Zhang et al. 10.1073/pnas.0700181104. |
Fig. 5. Schematic representation of combined bisulfite restriction analysis (COBRA) of DNA methylation. DNA was treated with bisulfite, which converts all cytosines to uracils, except cytosines protected by methylation (i.e., AmCGT). The bisulfite-specific PCR amplification was carried out to amplify only the bisulfite-converted DNA samples. The primers do not contain CpG dinucleotides so that the amplification step will not discriminate templates with different methylation states. PCR products were digested with the restriction enzyme HpyCH4IV, which recognizes and cuts at ACGT. Cleavage will occur only if the CpG sequence is retained during the bisulfite conversion, i.e., if that cytosine is methylated. The unmethylated ACGT, which is converted to ATGT after PCR amplification, will not be cleaved by HpyCH4IV. Digested PCR products were separated on an agarose gel. The band pattern and intensity are analyzed by image software. The relative amounts of methylated and unmethylated DNA can be assessed by comparing the intensity of the cleaved with the uncleaved bands.

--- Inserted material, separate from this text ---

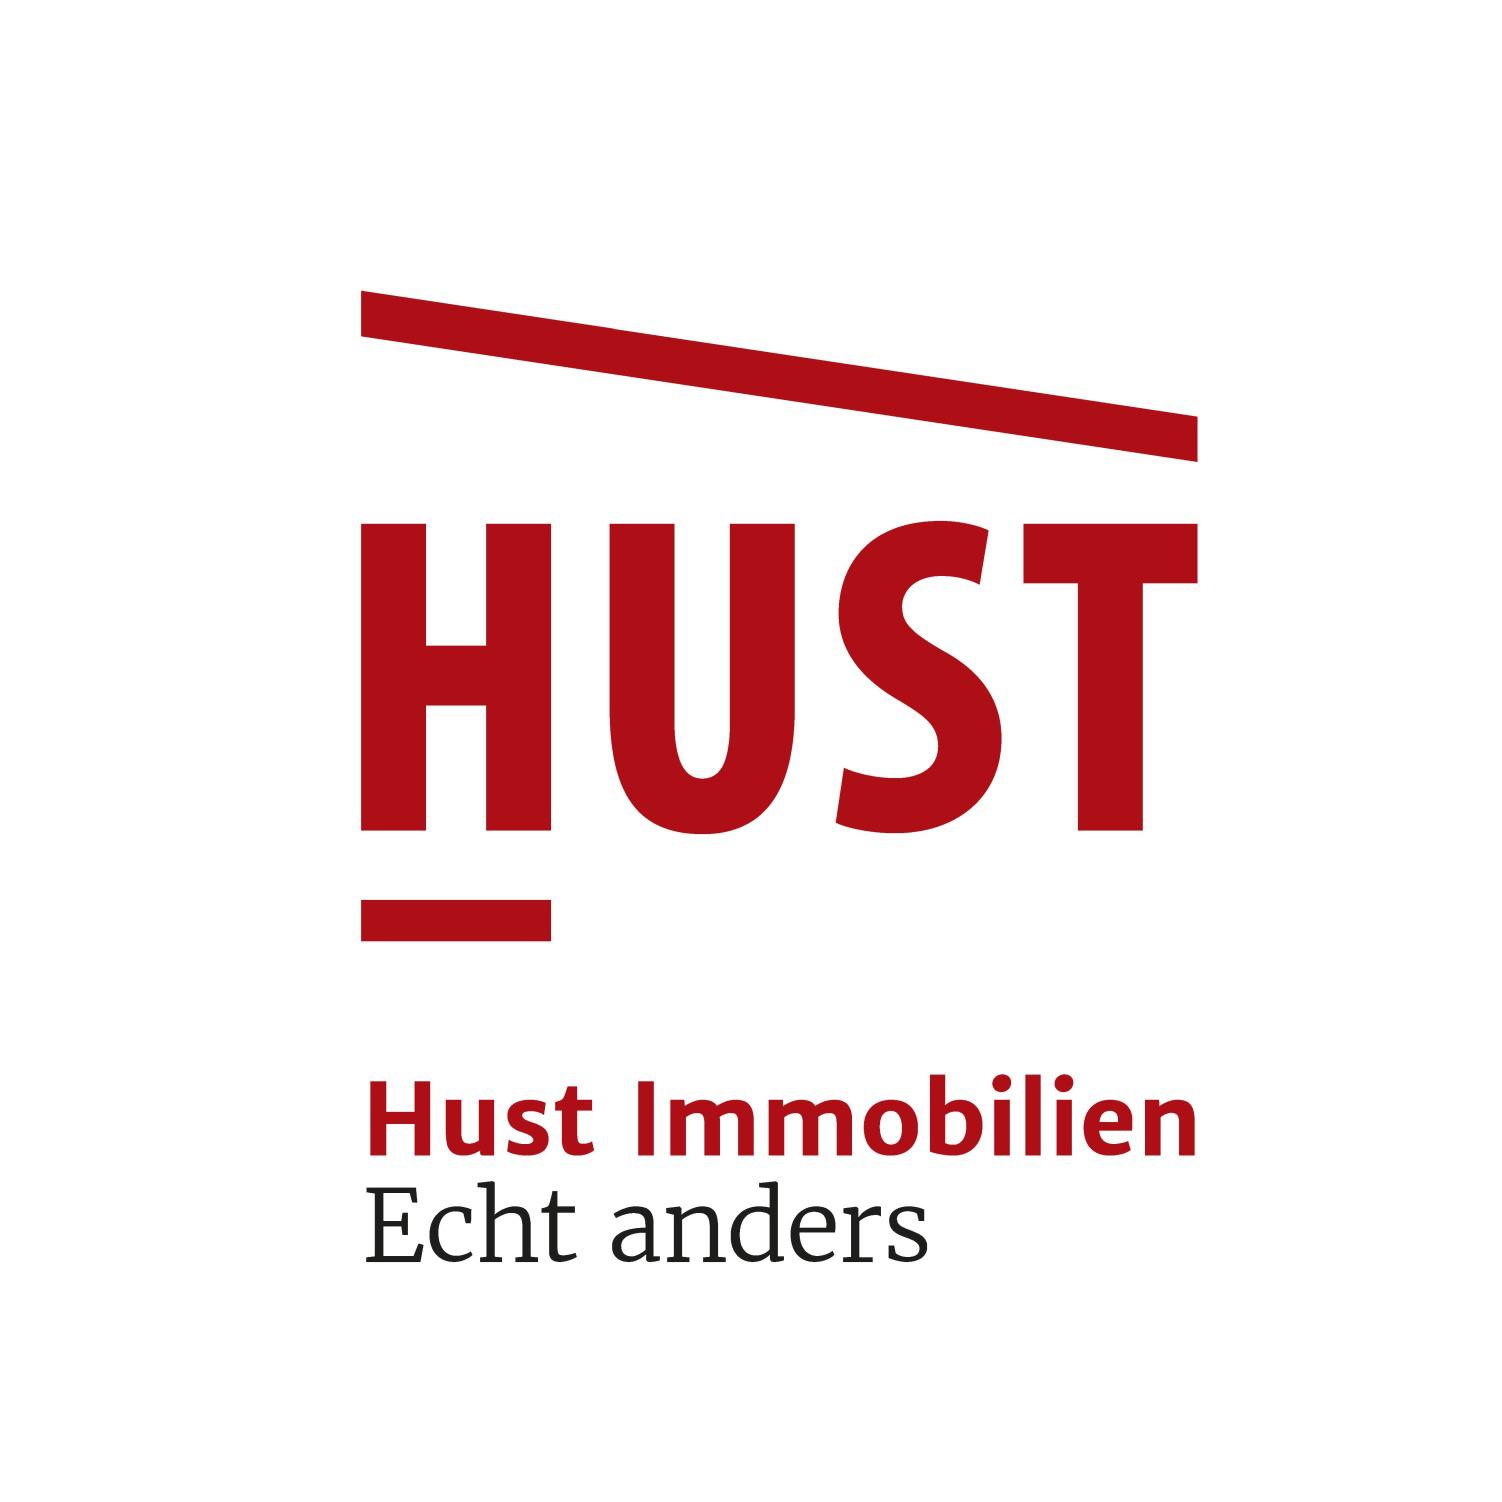 HUST Immobilien GmbH & Co. KG I Karlsruhe-Durlach - HUST Immobilien Karlsruhe zeichnet sich durch sein 18-köpfiges Team aus. Jeder einzelne greift auf fundiertes Fachwissen zurück, bietet umfangreiche Qualifikationen und hat überdurchschnittliche soziale

Fig. 6. Optimization of the amount of human DNA in heterokaryons for COBRA methylation analysis. (A) The standard curve used to calculate the amount of human DNA in heterokayons by quantitative PCR. Various amounts of DNA from keratinocytes (0.04, 0.2, 0.8, 2, 4, 8, 10, and 15 ng) were mixed with mouse DNA such that total DNA is 20 ng. Quantitative PCR was carried out using human-specific GAPDH primers. The correlation coefficient (R) of our standard curve is 0.99850, indicating a good fit. The table below shows various given concentrations of human DNA (ng/reaction), calculated concentrations of human DNA (ng/reaction) based on the standard curve, and the percentage of variations between these two values, indicating the level of accuracy of this method. (B) The table shows the DNA samples, including the PrePEG treatment (Pre), and heterokaryons cultured for 1, 3, 5, and 7 days (1D, 3D, 5D, and 7D), calculated concentrations of human DNA (ng/reaction) based on the standard curve, the percentages of human DNA in heterokaryons (all PCR reactions contained 20 ng of heterokaryon DNA as template), the concentration of heterokaryon DNA samples (measured by NanoDrop). The last column shows the amounts of heterokaryon DNA required to get 40 ng of human DNA, which were used in the methylation analysis. The final amount of DNA for bisulfite treatment was adjusted to 1.5 mg for each sample by adding mouse DNA to minimize the variation caused by difference in starting DNA. A wide range of ratios of human DNA to mouse DNA, were tested for the accuracy and reproducibility of the methylation assay. Twenty-five to 100 ng of human DNA gave consistent results. Therefore, 40 ng of human DNA was used in all of our COBRA methylation analysis for heterokaryons.
Fig. 7. Quantification of methylation analysis from three independent experiments. Three genes were analyzed: the MyoD core enhancer, the keratin-14 promoter, and the b-globin HS2 locus. Samples analyzed were from keratinocytes and heterokaryons during nuclear reprogramming: PrePEG, and heterokaryon DNA at days 1, 3, 5, and 7.